LUXURY DOG CARRIERS! Jaraden SoHo Pet Carrier Metallic Silver at Yuppy Puppy!


----------



## elaina (Jul 1, 2008)

i love it !!! i have had my eye on that carrier, in the same color .

i know where you can get it for around 35 dollars less . if your interested let me know


----------



## pigeonsheep (Nov 8, 2008)

me and silver do not go...but the carrier is cute  i think i saw this one on ebay too while i was browsing along for carriers


----------



## AussieLass (Mar 1, 2012)

The word "pleather" killed it for me, I can't do anything fabric, fibre etc. that's not natural, anything else is like fingernails on a chalkboard for me.


----------



## LittleGemma (Apr 1, 2012)

It's definitely cute! But I ain't one to spend $165 on pleather! $35 sounds like steal, though!


----------



## elaina (Jul 1, 2008)

LittleGemma said:


> It's definitely cute! But I ain't one to spend $165 on pleather! $35 sounds like steal, though!



nooo. not 35 for the carrier. 35 dollars less than what posh puppy is selling theres for


----------



## Zorana1125 (Oct 24, 2010)

I would rather have a real leather carrier, but the only ones I like start at $500 and up, so If I'm going to spend that kind of $$$ I would rather buy a Gucci one. 

Have you seen real leather ones for less???


----------



## Zorana1125 (Oct 24, 2010)

elaina said:


> i love it !!! i have had my eye on that carrier, in the same color .
> 
> i know where you can get it for around 35 dollars less . if your interested let me know


Please share!!! I'm torn between black or silver. I have a black n grey stripes juicy couture tote style carrier already. (and a leopard one I need to sell bc I never use it)


----------



## elaina (Jul 1, 2008)

Zorana1125 said:


> Please share!!! I'm torn between black or silver. I have a black n grey stripes juicy couture tote style carrier already. (and a leopard one I need to sell bc I never use it)

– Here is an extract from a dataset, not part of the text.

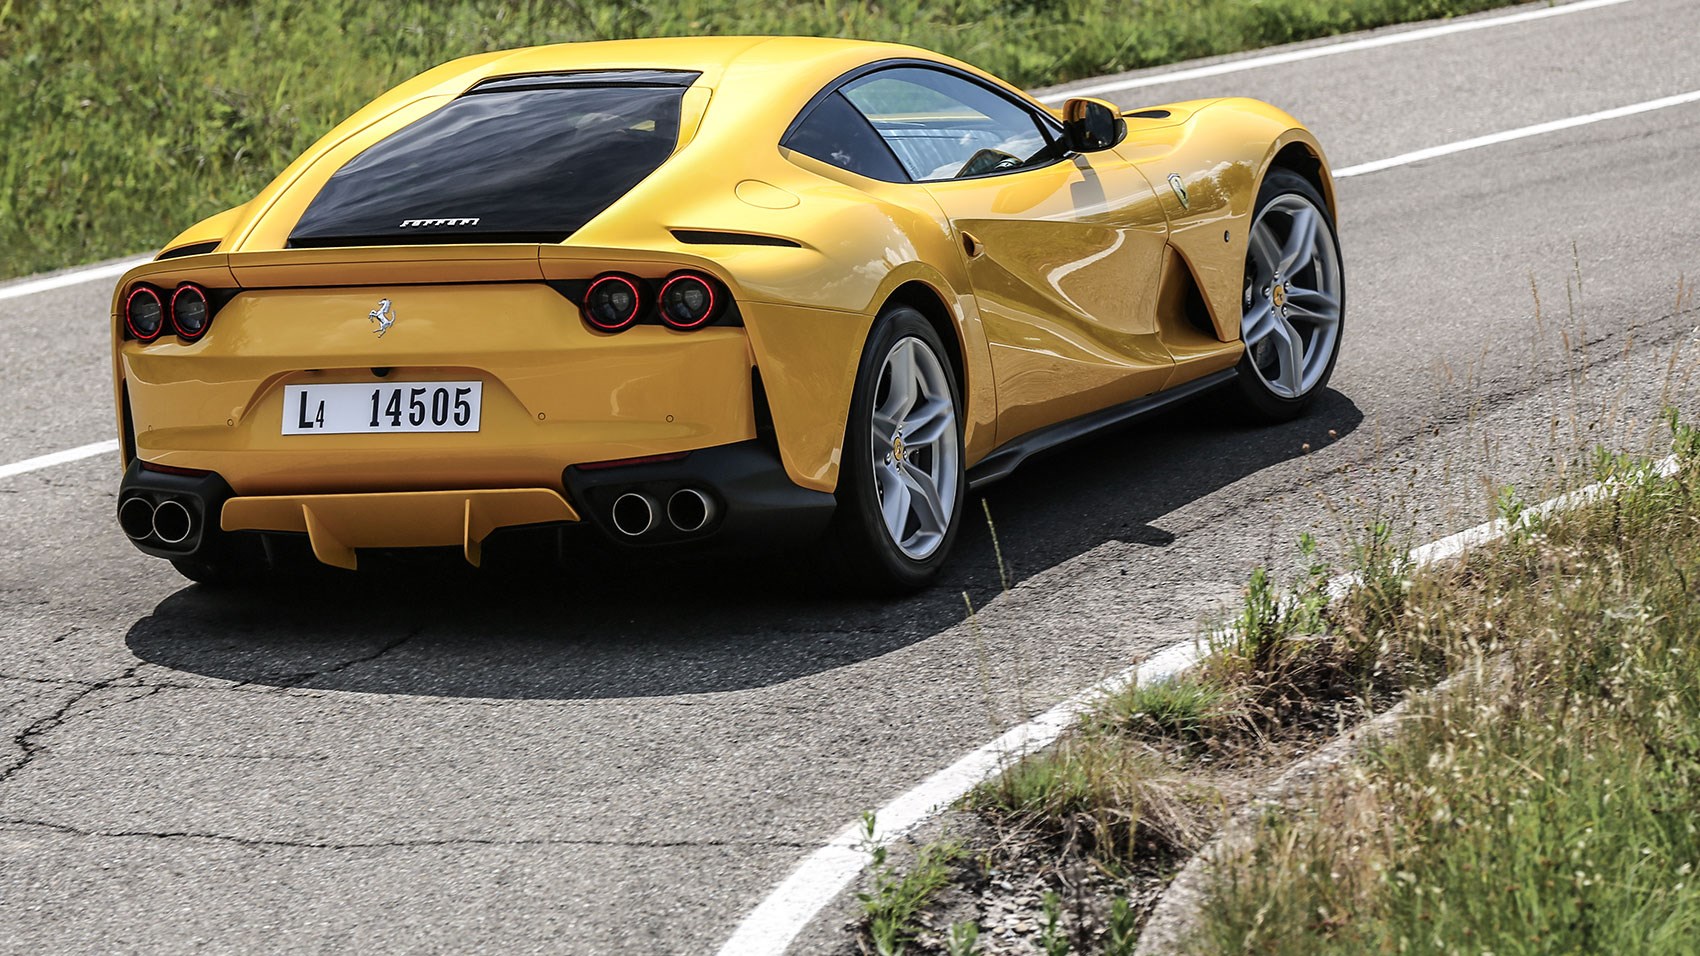 Ferrari 812 Superfast specs: the fastest front-engined V12 money can buy

i will message you with the info because its a lady that sells them on a different doggie forum and i dont think they like us posting other forums websites on here. 
many people have them over there and are getting excellent reviews.
and i have that material in a Kwiggy Bo carrier and it was worth it. doesnt feel cheap at all. 
i agree, i'd rather have a leather one also but they are way too expensive.


----------



## Winston's Mom (Jun 21, 2012)

Wow.... Thats an expencive Bag. Its cute but I will stick to mine.....lol


----------



## heathuhhhhwebbbb (Aug 3, 2012)

I thought these were kinda cute:

Stylish Faux Leather Pocketed Dog Purse Carrier Pink or Black 10 x 6 x 15 NWT | eBay


----------



## Zorana1125 (Oct 24, 2010)

Oohhhh I like that! I have one from juicy that is kinda similar w the two pockets. I just bought a scarf the other day to tie around it for some added character!


----------



## heathuhhhhwebbbb (Aug 3, 2012)

Zorana1125 said:


> Oohhhh I like that! I have one from juicy that is kinda similar w the two pockets. I just bought a scarf the other day to tie around it for some added character!

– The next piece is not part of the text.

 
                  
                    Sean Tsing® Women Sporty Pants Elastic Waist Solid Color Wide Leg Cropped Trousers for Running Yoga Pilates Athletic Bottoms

Cute! How big is that? I wonder cause I didn't know what size purse I'd need to carry both Luna and Zeus around.


----------



## Zorana1125 (Oct 24, 2010)

Hmmm, I'm not sure but it's a good size. I can fit Leo and Lola in there. If I had to guess, I'd say it's 16-18" by 8-10" by 8-10". Let me see if I can google the dimensions


----------



## Zorana1125 (Oct 24, 2010)

I was close:
16" long, 11" tall, and 8" deep
Says it holds 10-12 lbs.


----------



## heathuhhhhwebbbb (Aug 3, 2012)

Zorana1125 said:


> Hmmm, I'm not sure but it's a good size. I can fit Leo and Lola in there. If I had to guess, I'd say it's 16-18" by 8-10" by 8-10". Let me see if I can google the dimensions


How big are Leo and Lola weight wise?

Zeus is like 3 lbs, and someone said Luna was charting to be maybe between 4-6.


----------



## ~LS~ (Oct 29, 2011)

Zorana1125 said:


> So I was browsing some new dog carriers for fun and I landed upon the Jaraden Soho carrier and I am in love! I'm surprised I haven't seen it before...
> 
> Does anyone have one of these? I would love to hear some reviews!
> 
> ...



Jaraden is a good brand. I love their "Mon Ami" carrier. The one you like is
cute too. My favorite carrier right now is the Kwigy Bo Alex Luxe, I have the
gold one. No it's not leather, I love but can't afford leather(they are all around
500$ +), but it is VERY well made, extremely comfortable on my shoulder
(which is important because I have a bad back), and is roomy & cozy for the
pups as well. Mine is pretty flashy, I'm a flashy girl, but these also come in
black, brown, even silver. 

Kwigy.Bo : Shop : Alex Luxe - Gold : KB-890 :


----------



## Zorana1125 (Oct 24, 2010)

heathuhhhhwebbbb said:


> How big are Leo and Lola weight wise?
> 
> Zeus is like 3 lbs, and someone said Luna was charting to be maybe between 4-6.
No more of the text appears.